UCSF study shows that drug administered during heart procedures preserves blood flow into the heart muscle

November 13, 2000

A drug commonly used during invasive heart procedures not only helps maintain blood flow through the large blood vessels that have been enlarged during the procedure by balloons and metal tubes, but also preserves blood flow through the smaller blood vessels downstream that may become blocked by debris.
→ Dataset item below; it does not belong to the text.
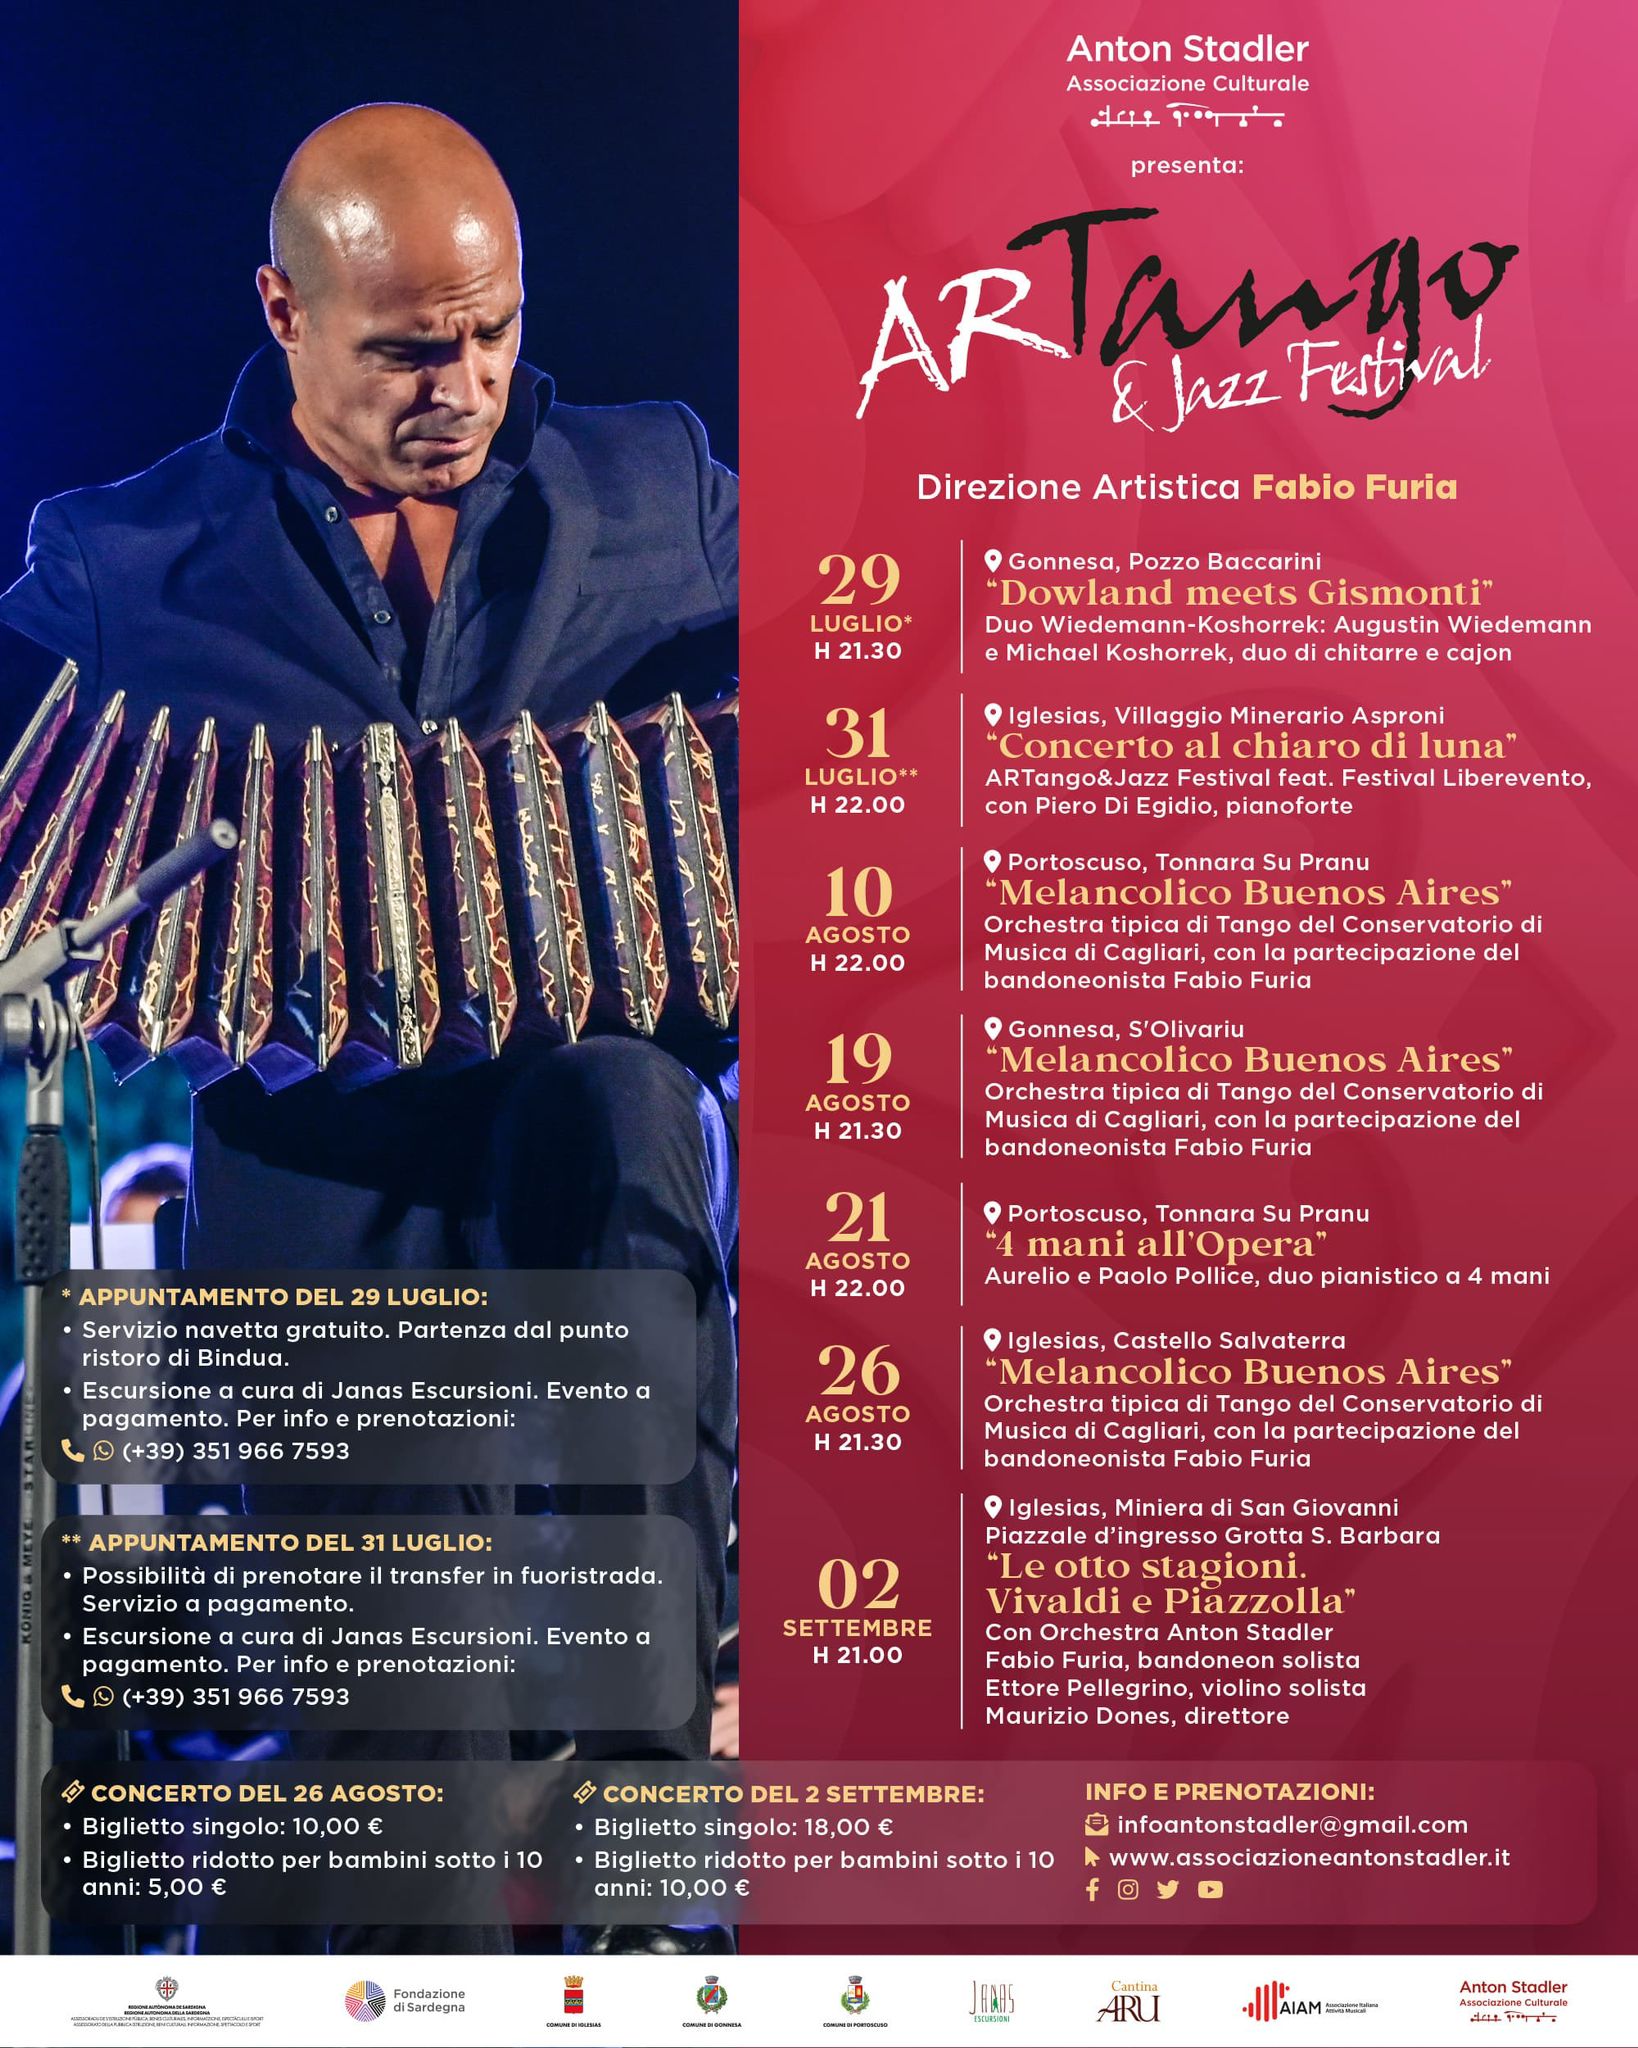 Artango & Jazz Festival

This helps to restore much needed oxygen supply directly to heart muscle, according to C. Michael Gibson, MD, UCSF chief of interventional cardiology, director of the Core Angiographic Laboratory at UCSF and lead author of the study.

Gibson presented the results at the American Heart Association in New Orleans, Louisiana, on Sunday, November 12.

"During invasive heart procedures many small blood clots may be released during the placement of a tube or stent in the artery, and these small clots may in turn float downstream and block the small vessels or capillaries that supply blood to the heart muscle itself. In order to prevent irreversible injury to the heart that can occur following stenting, it is critical that this complex network of very small blood vessels that supply oxygen to the heart muscle remain intact," explained Gibson. "Our study clearly demonstrates that use of the drug eptifibatide at the time of stent placement helps preserve the integrity of the microvasculature and blood flow into the heart muscle."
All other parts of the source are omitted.